На сей раз снов я не видел, но проснулся сам, хотя отдохнувшим себя назвать не мог. Прошло-то всего чуть более часа. Тем не менее, умывшись морской водой, выпив пару порций пресной, предложил Стюарту порулить вместо него. Тот невозмутимо передал мне компас (а я-то, наивный, не подумал даже, как можно сохранять движение в выбранном направлении) и залез под брезент – только пятки сверкнули.

«Меркурий» монотонно шептал, лодка чутко реагировала на управление. Спать перехотелось, думать тоже. Солнце замечательно жарило, глазам тяжело было смотреть вперед даже сквозь заботливо мне предоставленные «Полароиды». Вообще-то желательно бы до наступления темноты до суши добраться. Бензин – он тоже не вечный, хоть имеется полная двадцатилитровая канистра НЗ, но добраться через океан все равно не удастся. Лучше и не пытаться. Делать было нечего, поэтому от безделья начал вспоминать всякую пакость. Например, нашего старшего механика Зандера.


Вставка: Судак и Шрек.

Очень пузатый в красной майке навыпуск, будто в коротеньком платьице, невысокий очкастый пожилой немец оказался первым, кого довелось встретить на борту этого несчастного судна. Он посмотрел на меня сквозь призму своих окуляров, сделал вихляющее, почти танцевальное, движение и походкой розовой пантеры скрылся в надстройке. Весельчак оказался старшим механиком Зандером. Немного напряжения в мозгах – и память выдала перевод его фамилии с немецкого: судак. Судак был еще та рыбеха. Как-то не особо утруждая себя в механических делах, он очень любил отдавать приказы. Как старший механик, да что там, как вахтенный механик, он был крайне слаб. Но зато пил много и часто. Утром спускается в машину, пыхтит на переборки, а следом за ним краска отслаивается, пузырится от перегарного выхлопа. Посидит с мрачным видом в ЦПУ, покричит на кого-нибудь, отдаст очередной приказ – и с полным сознанием выполненного долга, покидает механическую вотчину. Приказы у него были громкими. Например: «Приказываю, чтоб заработал топливный автоматический фильтр». А этот фильтр уже года, как полтора заглушили по причине отсутствия одного из валов. И компания совсем не торопилась решать этот вопрос. А Судак решил исправить положение, причем даже не поленился через пять минут проконтролировать исполнение. Спустился к тому месту, где полагается быть этому злополучному агрегату, а там ни одной механической души, только машинный кадет – шриланкиец, руками делает загадочные пассы. «Что ты делаешь?» – рычит Зандер. Кадет невинно хлопает глазами, разводит сине – коричневыми руками и, широко раскрывая рот, старательно выговаривает: «Передаю фильтру Ваш приказ, чтоб он заработал».

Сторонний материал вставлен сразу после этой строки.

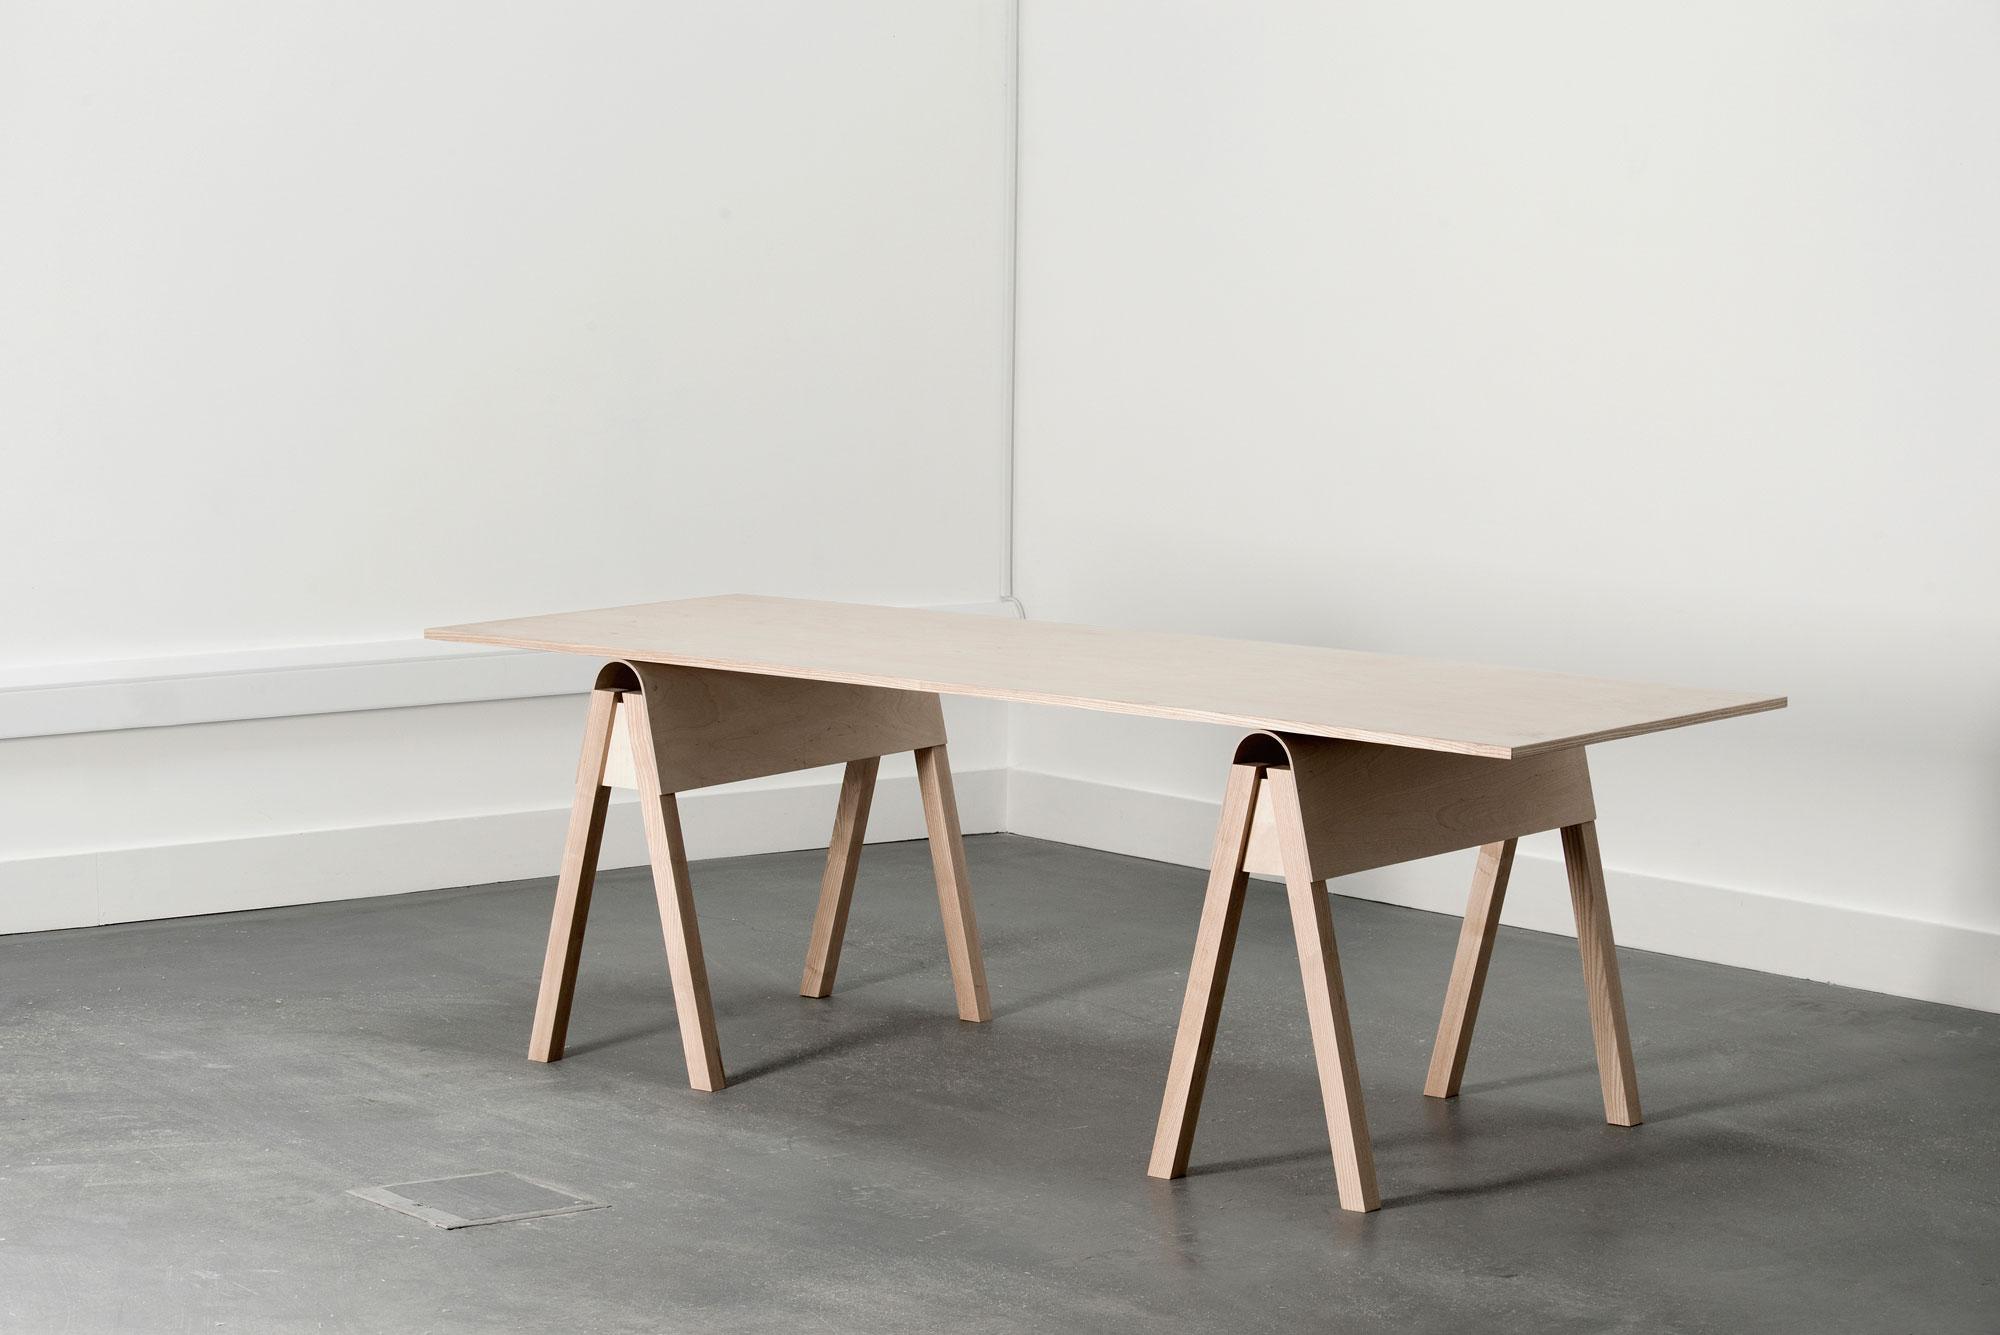 Aero Trestle Table, Catherine Aitken and David Murphy

Самым бесстрашным человеком на судне был Стюарт Эванс, ему ничего не стоило выдать капитану резюме, типа «Твой бред даже среди сумасшедших из сумасшедшего дома – самый сумасшедший». При этом мастер начинал угодливо хихикать, изображая восторг от отличной шутки. Дед же вообще боялся нашего электромеханика, получит свою порцию комплиментов, отвернется, чтоб Стюарт не видел, и осторожно где-то под брюхом выставит средний палец правой руки. Храбрый Судак! Или дождавшись, когда валлиец уйдет, скажет ему в спину гневным шепотом: «Каннибал!» Однажды, случайно наткнувшись на бесхозную копию дедовского ID, Стюарт пририсовал на фотографии фюреровские усы и засунул это дело под стекло на переборку перед столовой. Смотрелось замечательно, будто наш Зандер – родной брат Гитлера. Народ от души посмеялся, а Судак, будучи уже в изрядном подпитии, скрежетал зубами, выпячивал нижнюю челюсть и шептал: «юбер аллес», роняя пьяные слезы на неизменную красную юбочку – майку.

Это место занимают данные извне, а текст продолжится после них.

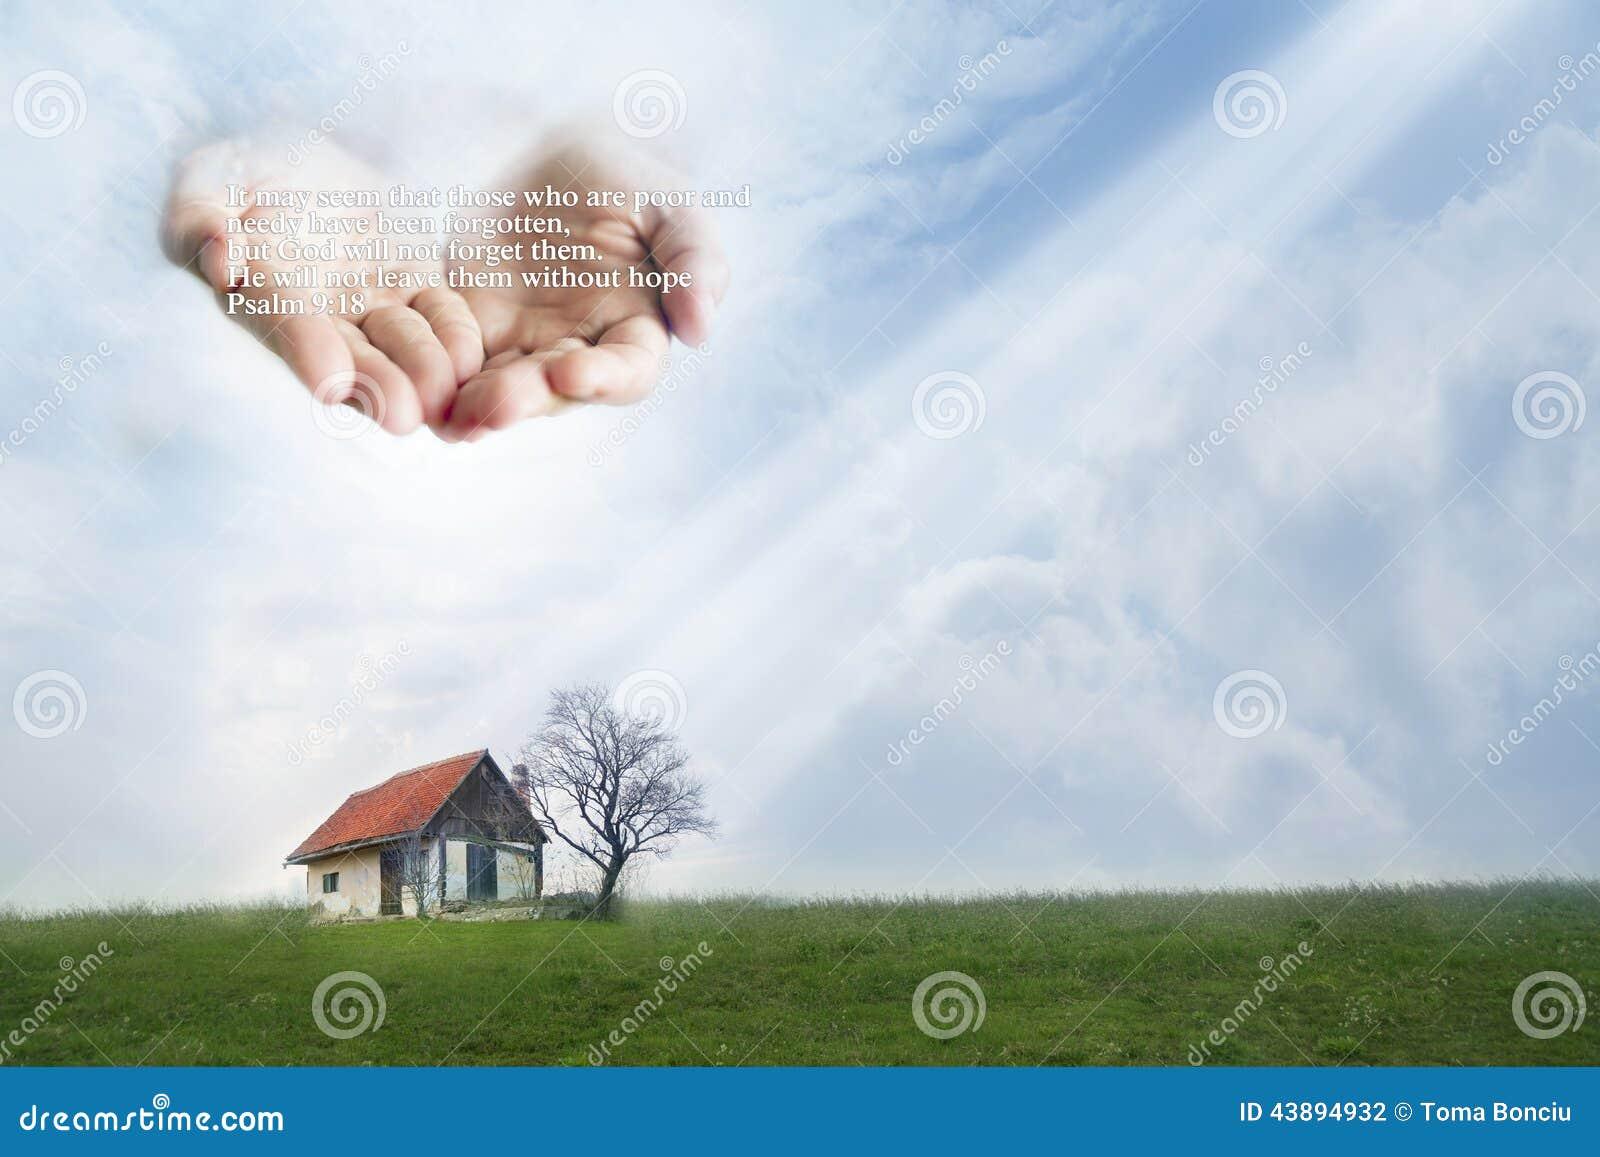 Fattigt hus som skyddas av händer av guden Citationstecken från psalm9:18

Наши со старшим механиком отношения не то, чтобы не ладились. Он меня ненавидел всей своей немецкой душой. Потому что очень от меня зависел: по работе понятие имел самое смутное, поэтому поневоле приходилось обращаться к следующему в механическом табели о рангах. То есть ко второму механику. По первым дням моего нахождения на судне, когда я с круглыми глазами ходил, вникая, по машинному отделению, он спрашивал меня: «Твои действия в этом случае?» И я, изощряясь в умозаключениях, предлагал способы на выбор, один краше другого. Судак изображал раздумье, потом говорил мне: «На мой взгляд, лучше будет предпринять следующее». И, стараясь в меру своего английского языка, синонимично пересказывал мне то, что до этого я ему выдавал. Я это дело, конечно, быстро просек и стал на его вопрос отвечать иначе: «Выполнять распоряжения старшего механика». И понеслись приказы один мудрее другого! Прямолинейный Стюарт сказал деду: «Тебе бы группой Коперфильдов командовать!» «Почему?» – опечалился Зандер. «Да потому что те, вероятно, умеют творить чудеса».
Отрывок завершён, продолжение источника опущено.